# Burton Ambush - torn outer layer



## Deacon (Mar 2, 2013)

Do you ride goofy? That could easily be from resting your board on your boot on the chair ride.

Edit: Oops, that's your right boot, i guess that'd make you a regular rider... right?


----------



## zhengf2 (Mar 11, 2014)

I ride regular but skate goofy (i know it's weird) - those holes are on the outside of my left foot though, I'm trying to imagine it but I don't think my board could angle down that much could it?


----------



## scboard (Jun 12, 2015)

I have the same boots and have worn them 7+ days and no problems yet.... Most comfortable boots I have ever worn


----------



## Deacon (Mar 2, 2013)

zhengf2 said:


> I ride regular but skate goofy (i know it's weird) - those holes are on the outside of my left foot though, I'm trying to imagine it but I don't think my board could angle down that much could it?
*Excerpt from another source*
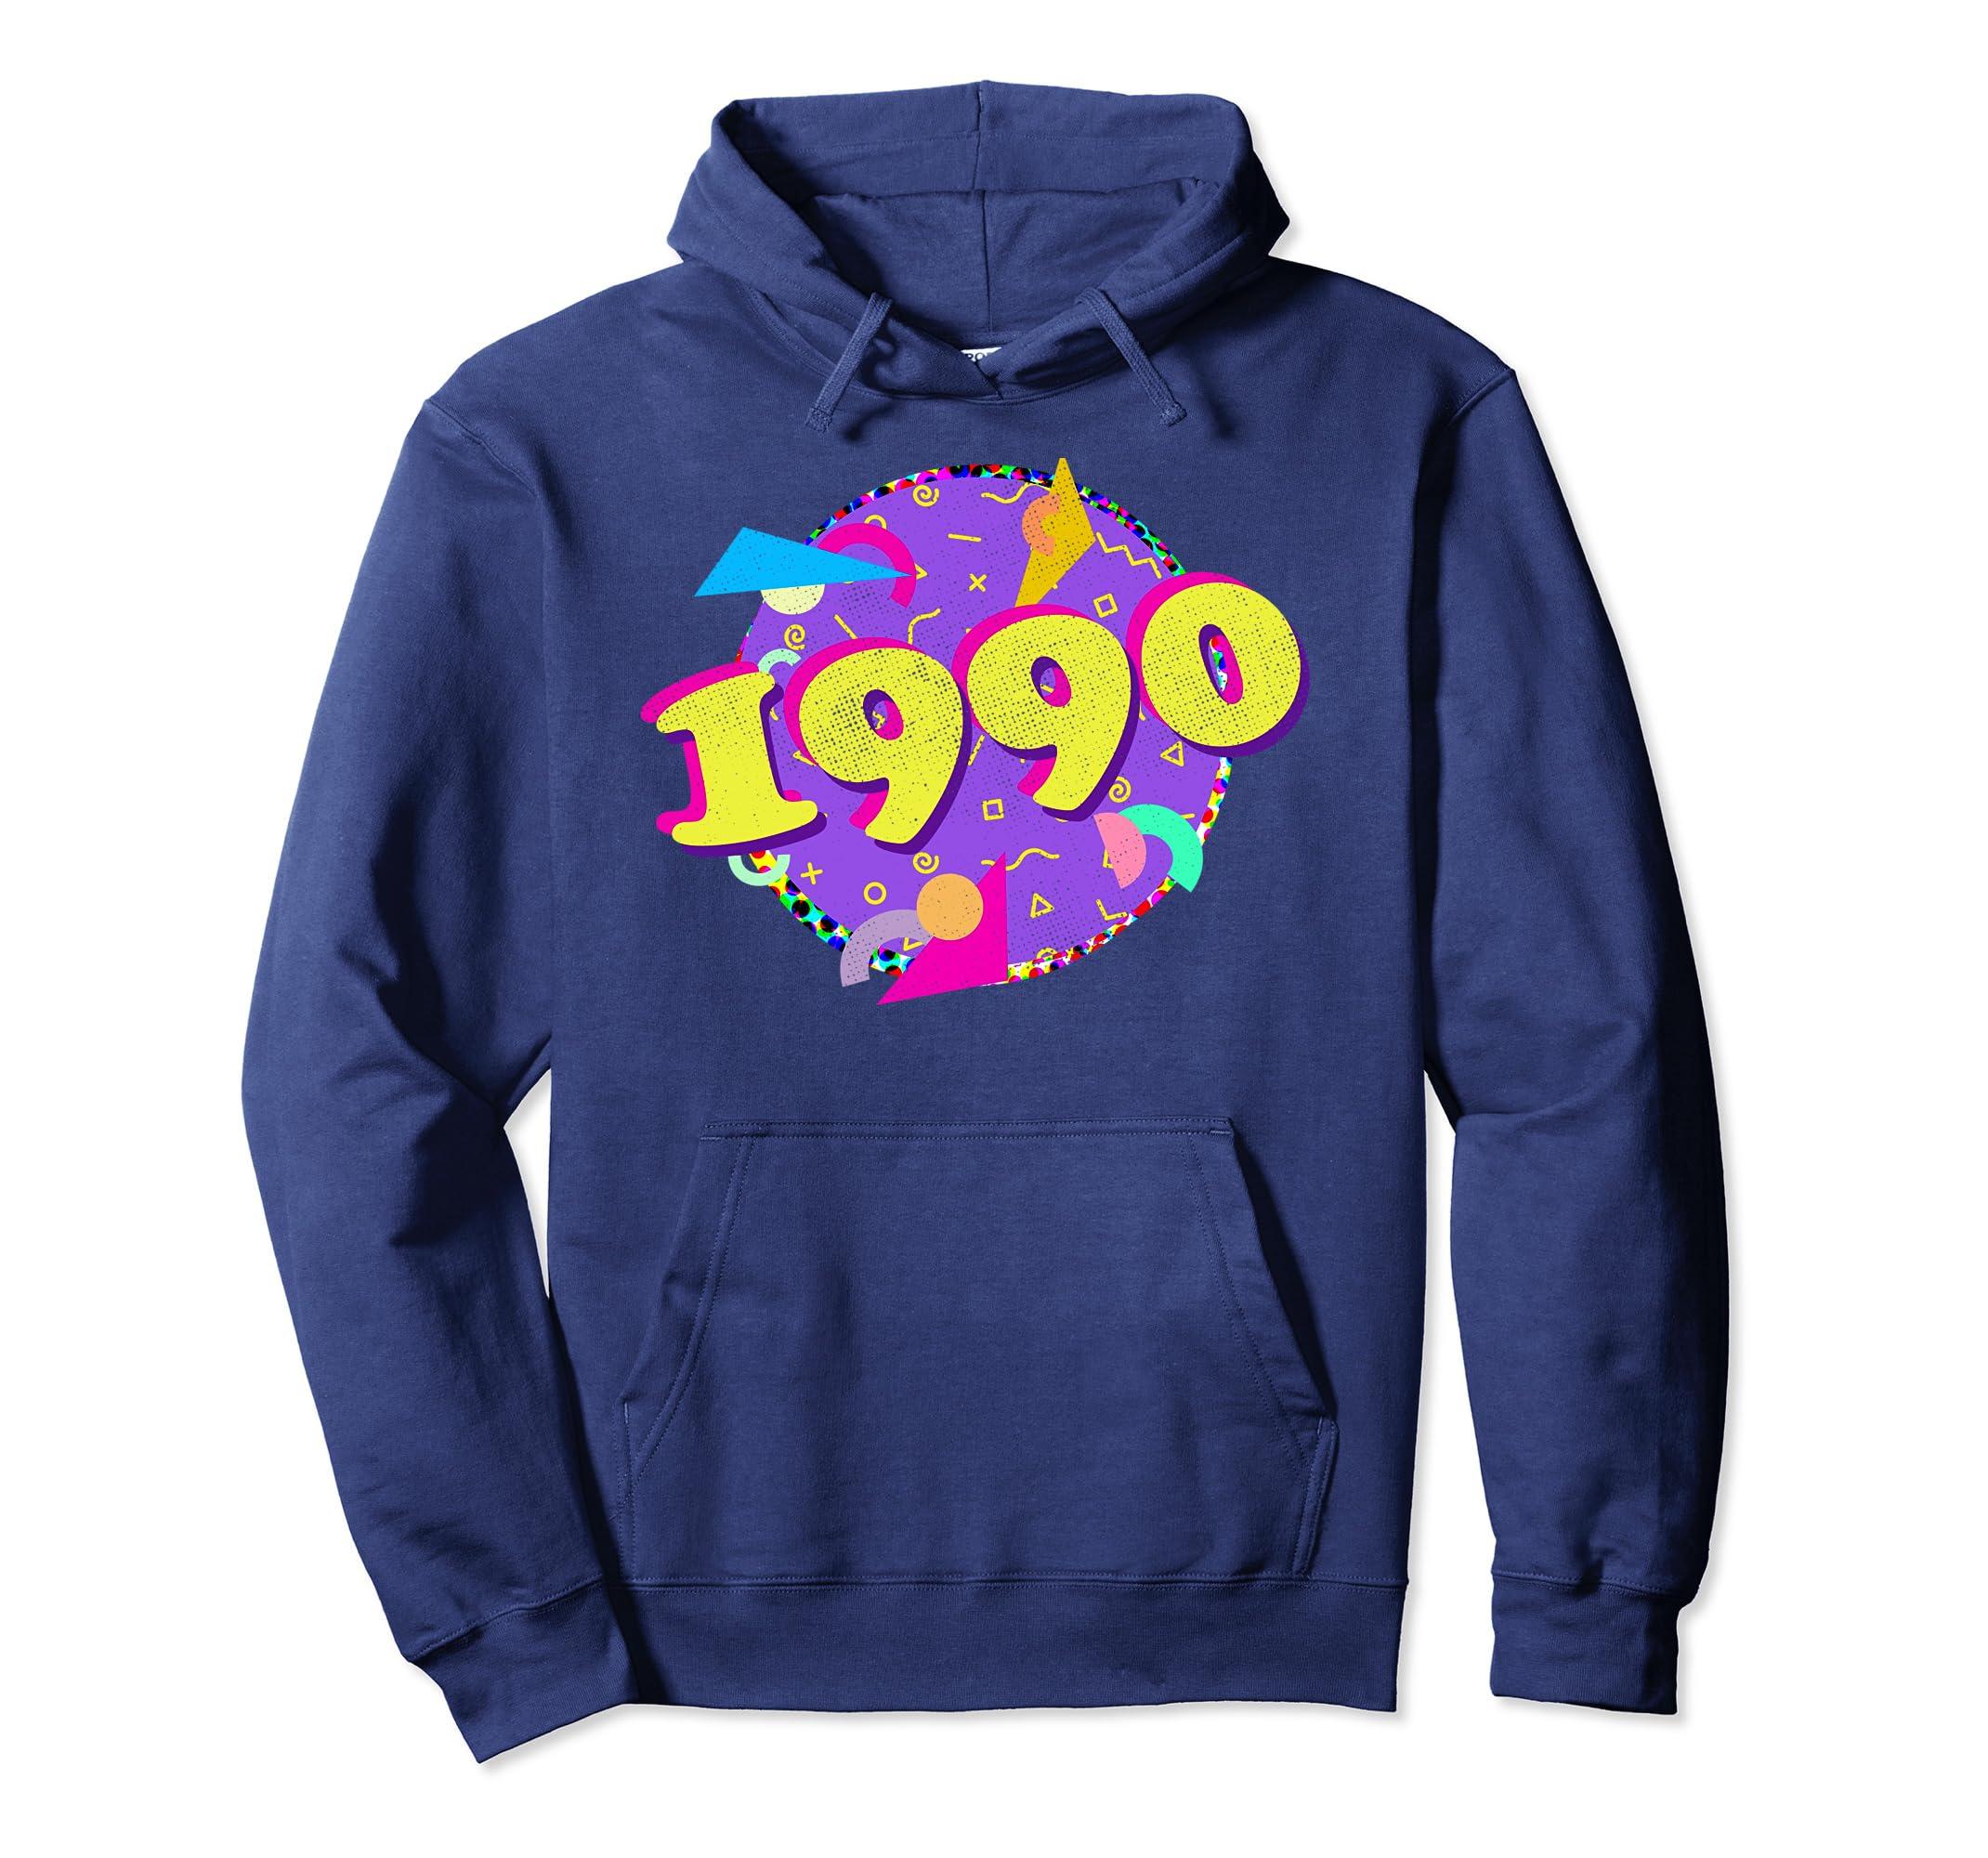 1990 Hoodie 28th Birthday Shirt Retro 90s Style

No, probably not. The binding latches threw me, didn't realize they're Flows... Maybe one of the guys that rides Flows here will chime in.


----------



## tokyo_dom (Jan 7, 2013)

I have 2012 Ambushes with maybe 60-70 days on them, and i also have Flow bindings. They do have a hole at the ankle where it rubs against a frayed Flow highback wire, but thats fairly obvious why its there.

I also have the 2015 Ambushes with 5-6 days on them but they have no holes. I would guess you had a stick or rock stuck in there for one run that did all the damage, and it fell out when you took your boot out?


----------



## zhengf2 (Mar 11, 2014)

Yeah I can't rule out that there was something in there during the ride...but damn that sucks how easy it was to get a hole like that! My old burton rulers went years with barely a scratch in the same setup - it had hard rubber all around the outside so would take some pretty big force to make a hole

It looks like there's rubber behind the black fabric, which I'm hoping is the main source of the waterproofness and that the black cover is just for looks. Don't want more material to shred off though, now that the opening is there. Should I glue it up? Was looking at some Sugru to patch it up


----------



## tokyo_dom (Jan 7, 2013)

2012 Ambushes dont have much waterproofing anymore, dont think its from the hole they have though. I bought a waterproof 'bag' that goes between the inner liner and the outer shell now (10k/10k waterproof rating so it does dissipate sweat... apparently), and that works great.

Some silicone or rubber glue in there might be a good idea though. Sucks to have it happen so soon


----------



## Deacon (Mar 2, 2013)

zhengf2 said:


> Yeah I can't rule out that there was something in there during the ride...but damn that sucks how easy it was to get a hole like that! My old burton rulers went years with barely a scratch in the same setup - it had hard rubber all around the outside so would take some pretty big force to make a hole
> 
> It looks like there's rubber behind the black fabric, which I'm hoping is the main source of the waterproofness and that the black cover is just for looks. Don't want more material to shred off though, now that the opening is there. Should I glue it up? Was looking at some Sugru to patch it up


This is what you want...

https://www.mcnett.com/gearaid/freesole#10410


----------



## bksdds (Jul 2, 2015)

Deacon said:


> This is what you want...
> 
> https://www.mcnett.com/gearaid/freesole#10410


+1. Hope the OP listens to this. I have some and I've found multiple uses for it besides boot repairs.


----------



## zhengf2 (Mar 11, 2014)

Got some freesole on the way! Gonna patch it up and forget it ever happened

Thanks for the help guys


----------